September 20, 2012

confess

i want to talk about the confused emotions i have about school
but don't want the upperclassmen whose approval i'm so desperate to obtain to read it

i want to zip my mouth shut in my science class
because i asked too many questions tuesday
so that we couldn't cover all the material
related, of course, is that upperclassmen are in that class
and i suppose that if i had their respect and friendship
that. . . what? i'd have the validation of the gods?

funny
that amidst this
insecurity
are emails
from new friends
possibilities of meeting
and past ways i've already been welcomed

this book, "sin, pride and self-acceptance" is so lucid - now that we've come to chapter 6 -
explains why prideful people are so insecure, and how self-sacrificing people may be motivated by pride
i'm grateful for my conversation on Tuesday with L,
for my classmates' support and encouragement
for a mom whom i trust to tell her my fears and feelings
for a God who has bound himself to me

5 comments:

Reeve said...

<3 <3 <3 I love you, Rebecca. I think I understand what you mean... and I if I do - I've felt the same way.

Eunice said...

Hungering for the approval of a daughter but hungering for a greater hunger for my Lord to say "Well done good and faithful servant"

Kristen said...

This is raw and beautiful. Thank you for sharing your assorted thoughts about this. :)
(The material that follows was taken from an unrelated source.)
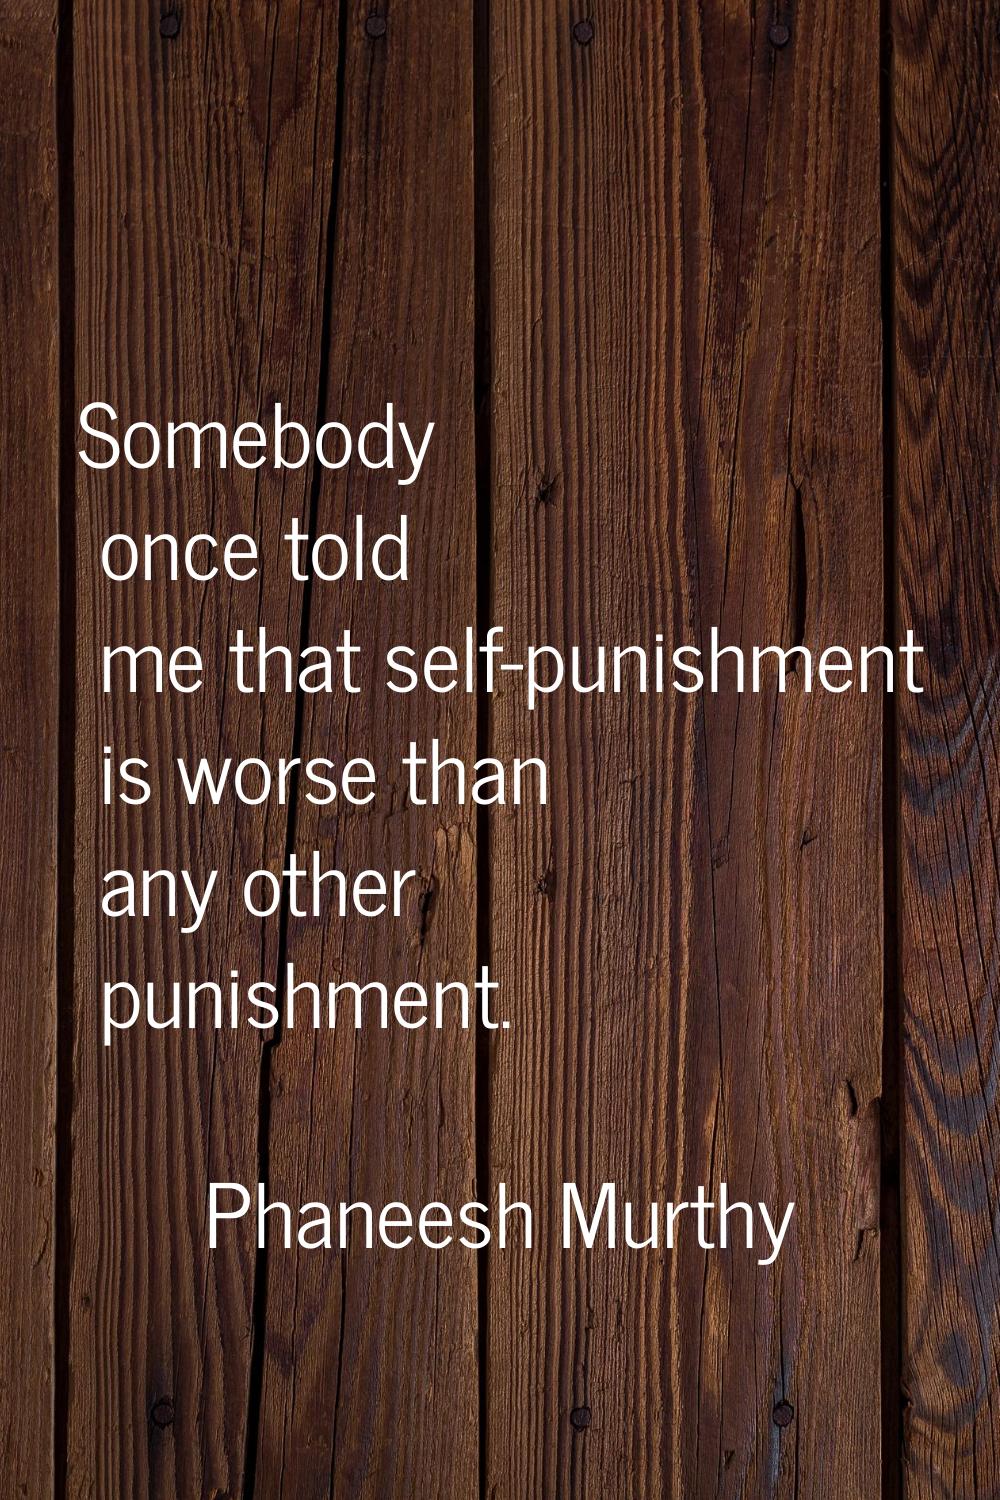 Somebody once told me that self-punishment is worse than any other punishment.

"why prideful people are so insecure, and how self-sacrificing people may be motivated by pride" That is very insightful... I feel like I really ought to read this book.

Franklin Hoecke said...

Wow! I love your writing rebecca, and this is the first chance I've had to read it. This is Franklin by the way!

Art said...

Thank you for reading and commenting, Franklin. It's good to hear from you!